— Можно, — сказал Ситников. — Если отрубить ей хвост и набить морду.
Ваня покатился со смеху, распространяя вокруг себя крепкий запах рыбного магазина.
— Это ты классно схохмил. Ценю, — сказал он, отсмеявшись. — Что ты такой грустный? Переживаешь, что посадили? Не расстраивайся. Не ты первый, не ты последний. Пушкин, к примеру, тоже сидел. И ничего. Хорошие, между нами, стихи писал. К примеру, вот это: "Как мало пройдено дорог, как много сделано ошибок". Супер, да? Будто про меня написано!
Ситников с недоверием посмотрел на парня.
— Это какой Пушкин? — спросил он. — Александр Сергеевич? Разве он сидел?

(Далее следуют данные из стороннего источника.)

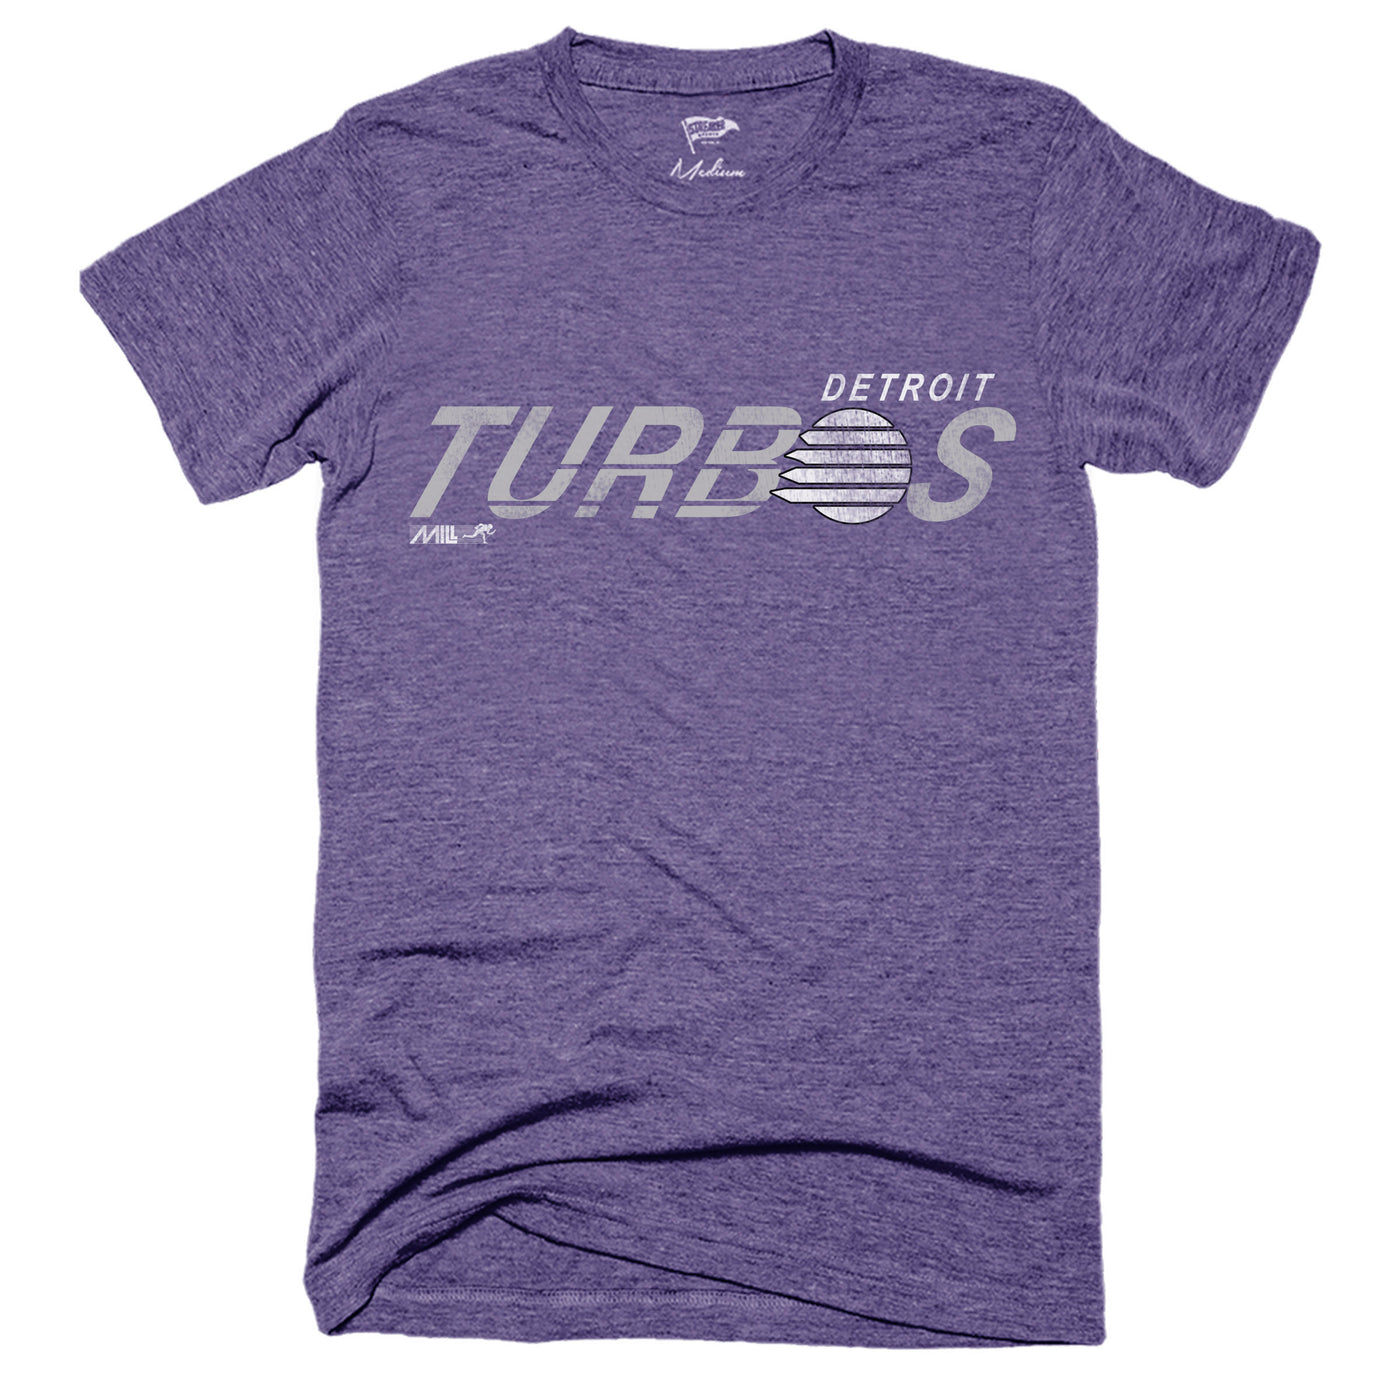 1989 Detroit Turbos Lacrosse Tee - Streaker Sports
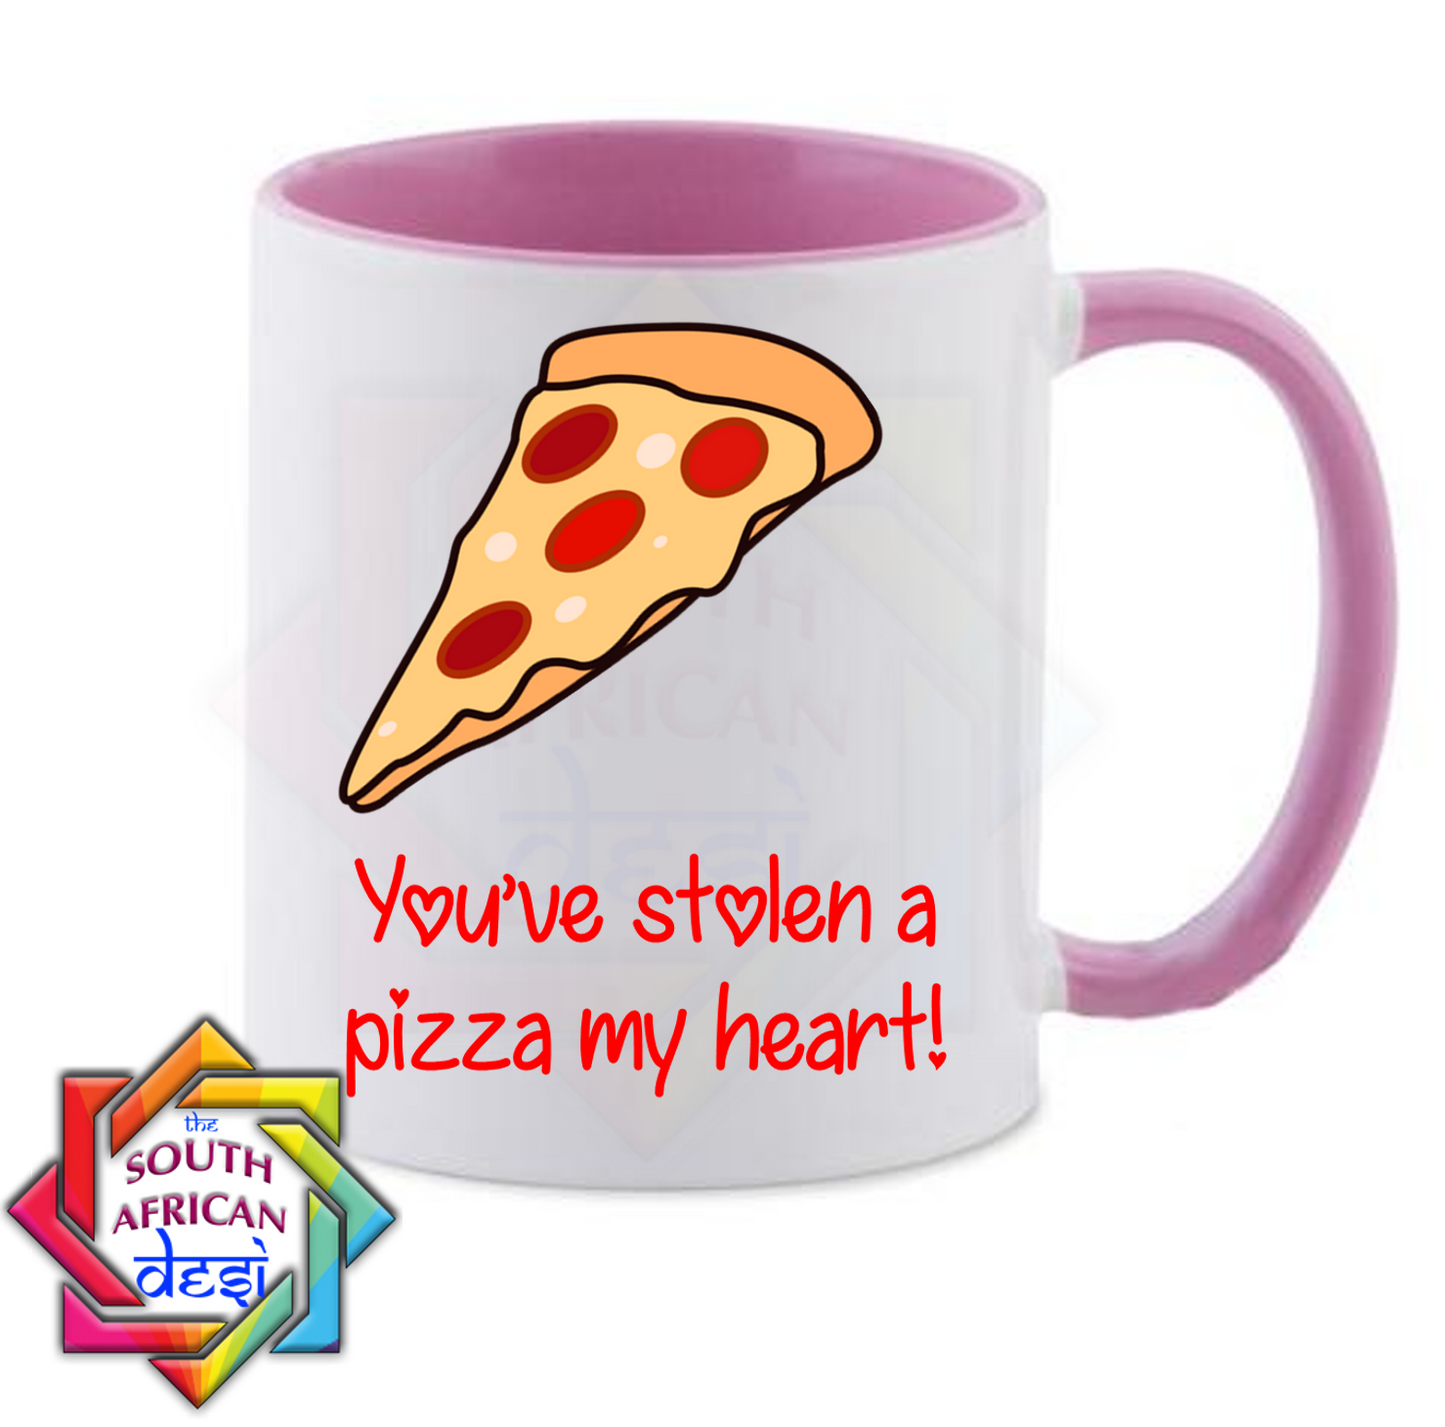 YOU'VE STOLEN A "PIZZA" MY HEART! | VALENTINES DAY MUG

— А ты не знал? Вот умора! Конкретно сидел! Его ж сослали в Шушенское за то, что он не вышел вместе с декабристами на Красную площадь свергать Петра Первого. Неужели не слышал? Что ж ты, брат… Такие вещи стыдно не знать. Ты местный? — спросил Ваня с неподдельным интересом. Он устал от одиночества, и ему хотелось говорить, говорить, говорить, неважно о чем, лишь бы слышать свой голос и голос собеседника.
— Нет, — сказал Вадик. — Я не местный.
— И я — нет! А ты к кому сюда приехал?
— К Олжусу.
Ваня внезапно опешил.
— Как к Олжусу? — спросил он. — К какому Олжусу? К сыну Чингиза?
— Я не знаю, чей он сын. Мы с ним мало знакомы. Он калмык. И отец у него калмык. Они живут на улице Мира, во дворе стоит грузовой фургон с надписью "Хлеб". Больше я про его отца ничего не знаю.
— Это Чингиз, Наконец-то удача повернулась ко мне своим красивым передом! — произнес любитель Пушкина. — Слушай, братишка, скажи честно, за что тебя сюда упаковали?
— За драку, — признался Вадик, осторожно трогая подушечками пальцев набухшие шишки на лбу и на скуле.
— За драку? За такой пустяк не имеют права малолетку в камере держать!
— Я свою фамилию не назвал. Не хочу, чтобы в лагере знали, что я попал в милицию. Подожду, когда у ментов терпение лопнет.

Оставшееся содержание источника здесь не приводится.